__WHAT TO DO__
Exactly the lines from the one containing "12 Maths Seamless" through the final line of the data below, with pictures omitted, make up the answer.

__GIVEN DATA__
################
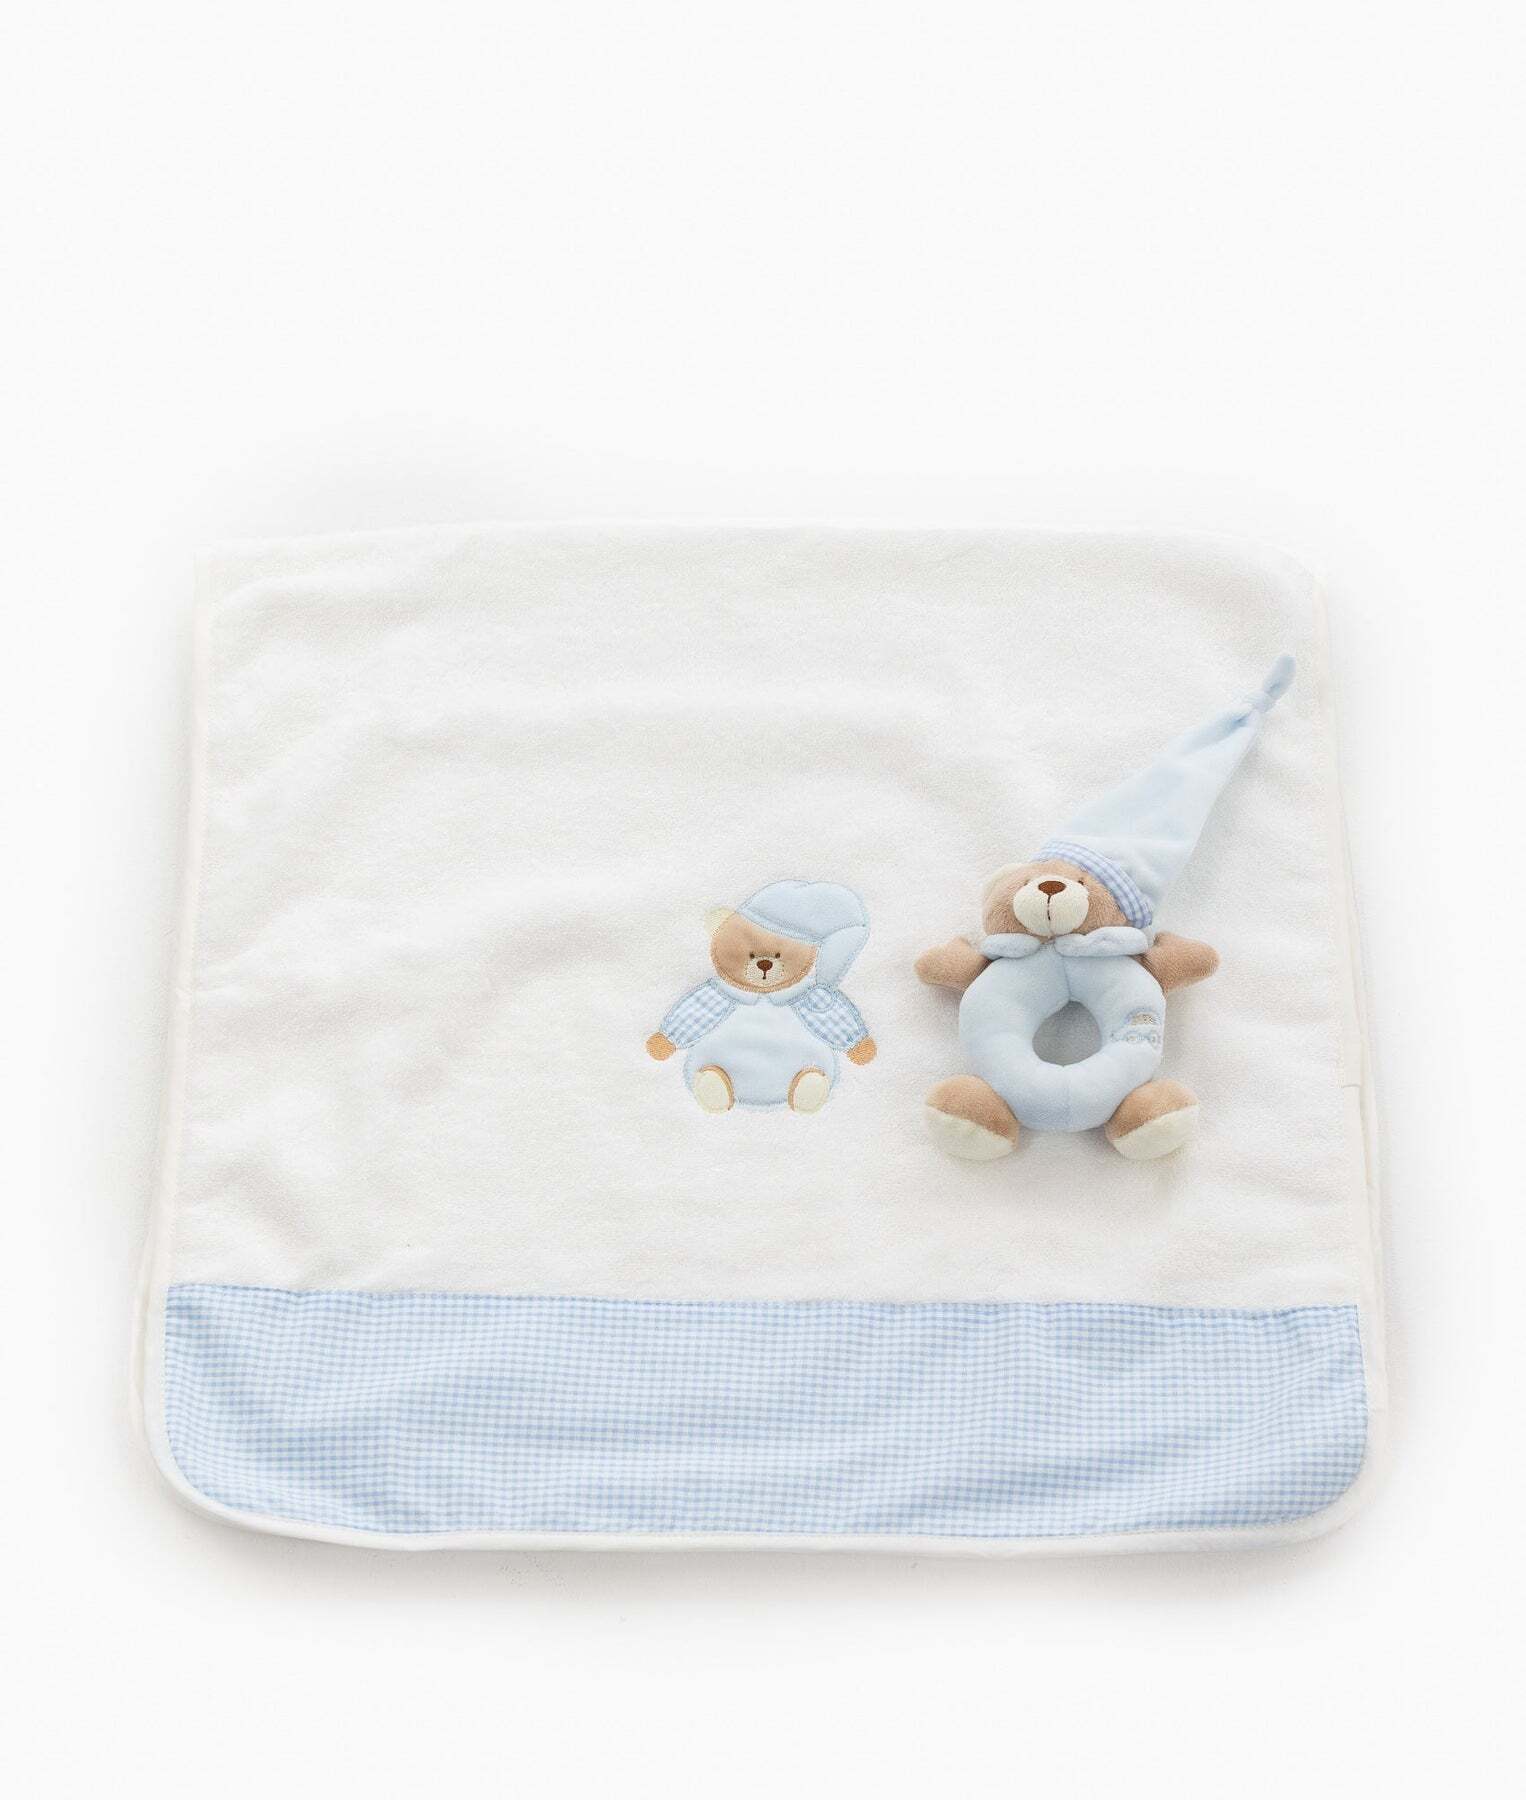 bear-towel-rattle-set-blue-674_1800x1800
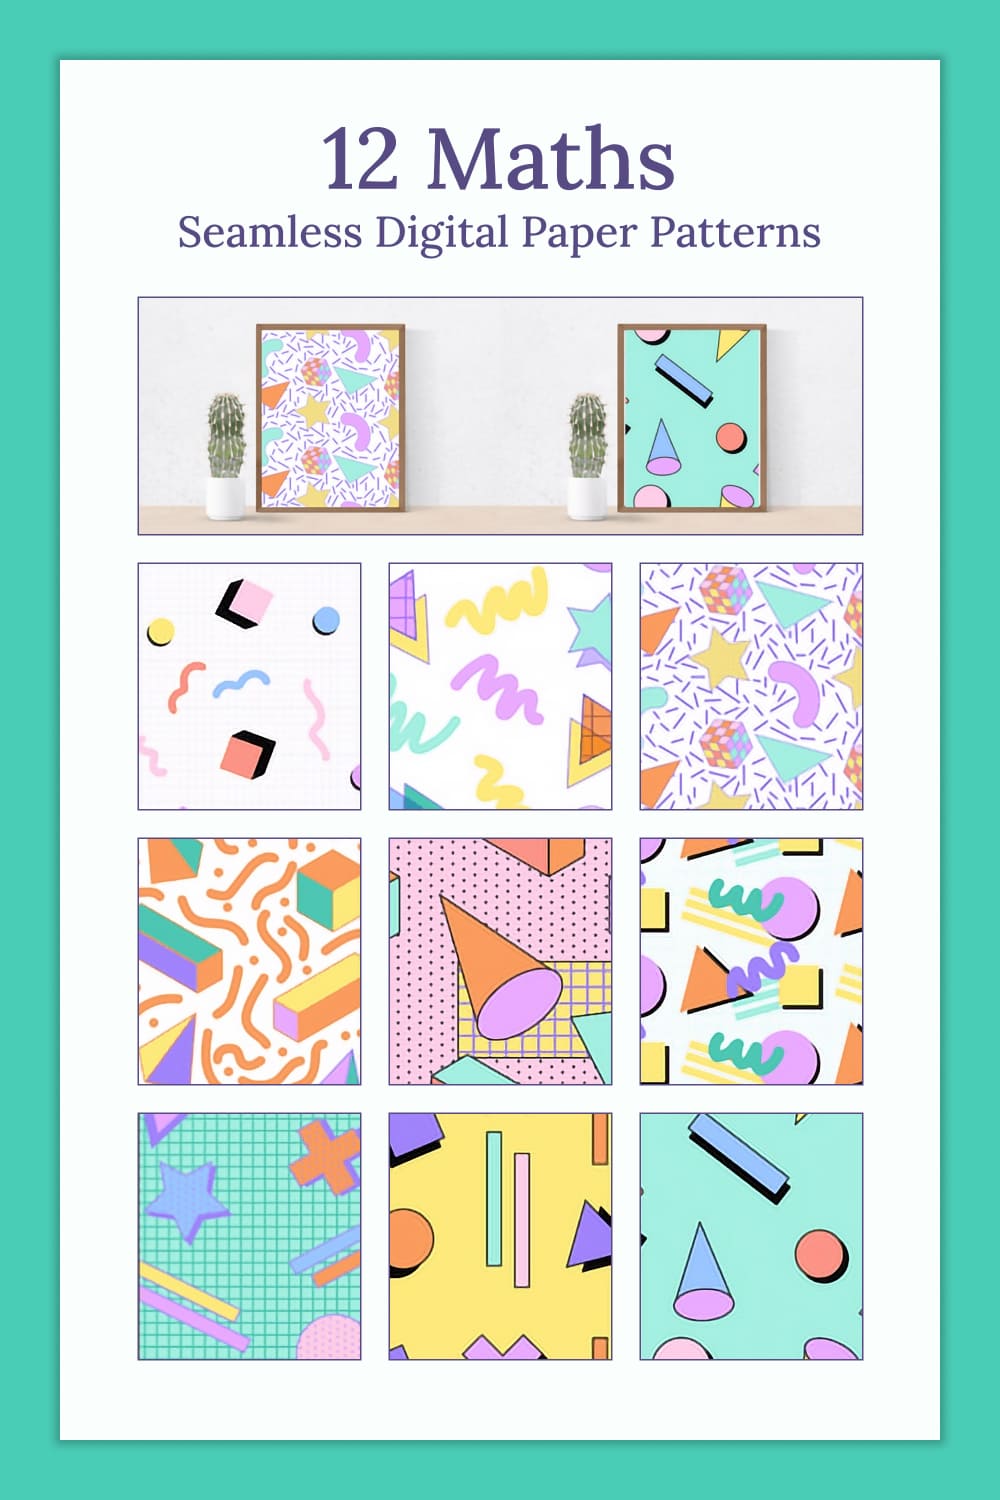 12 Maths Seamless Digital Paper Patterns - Pinterest.
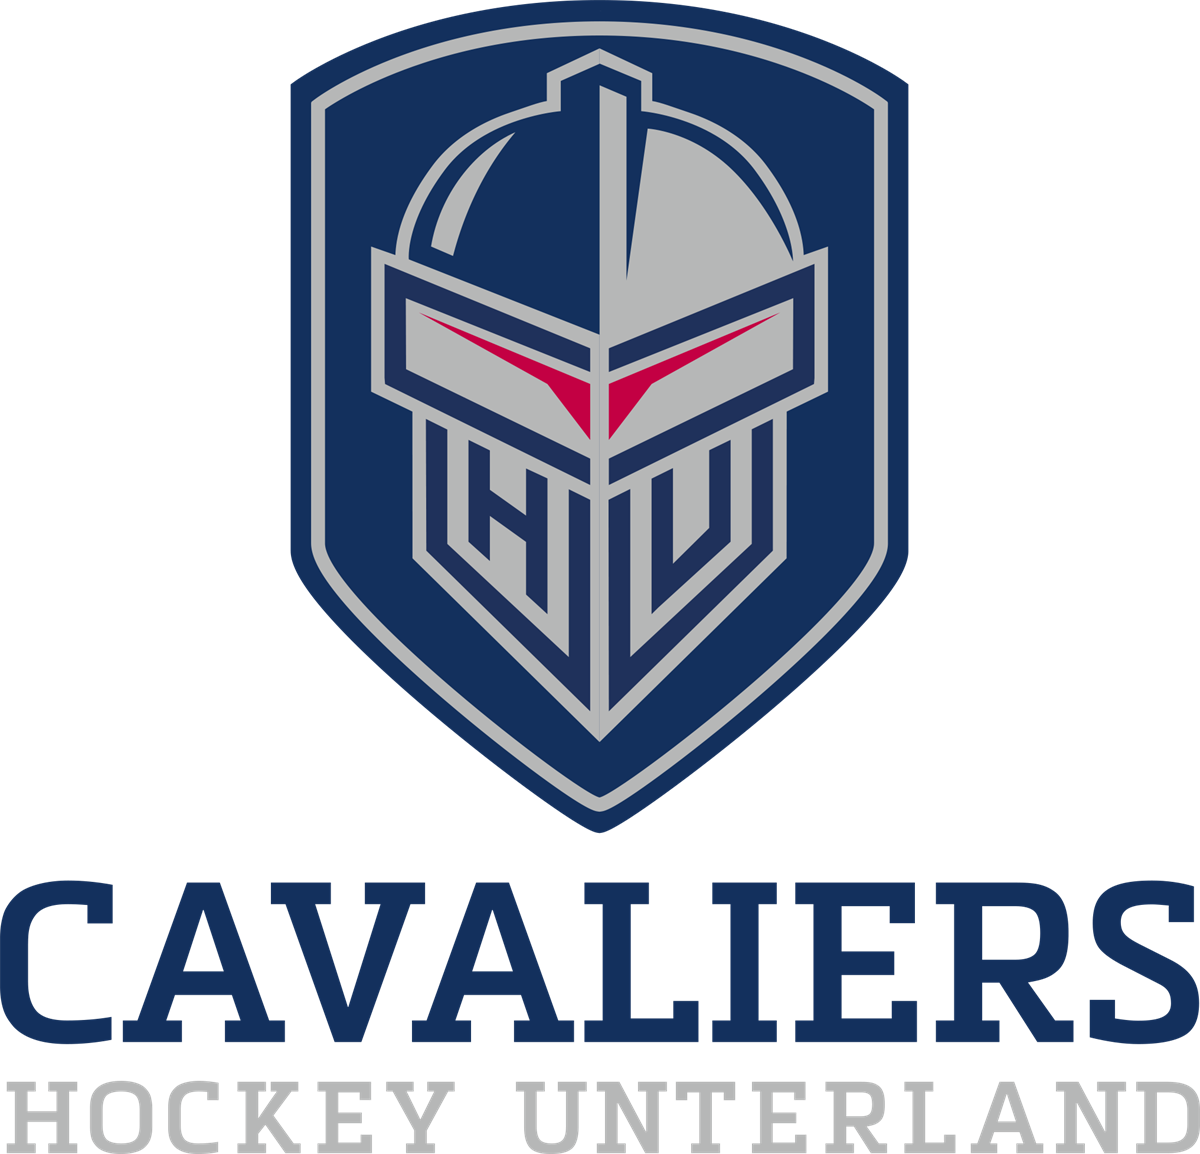 Hockey Unterland Cavaliers
################
__TASK ANSWER__
 12 Maths Seamless Digital Paper Patterns - Pinterest.
 Hockey Unterland Cavaliers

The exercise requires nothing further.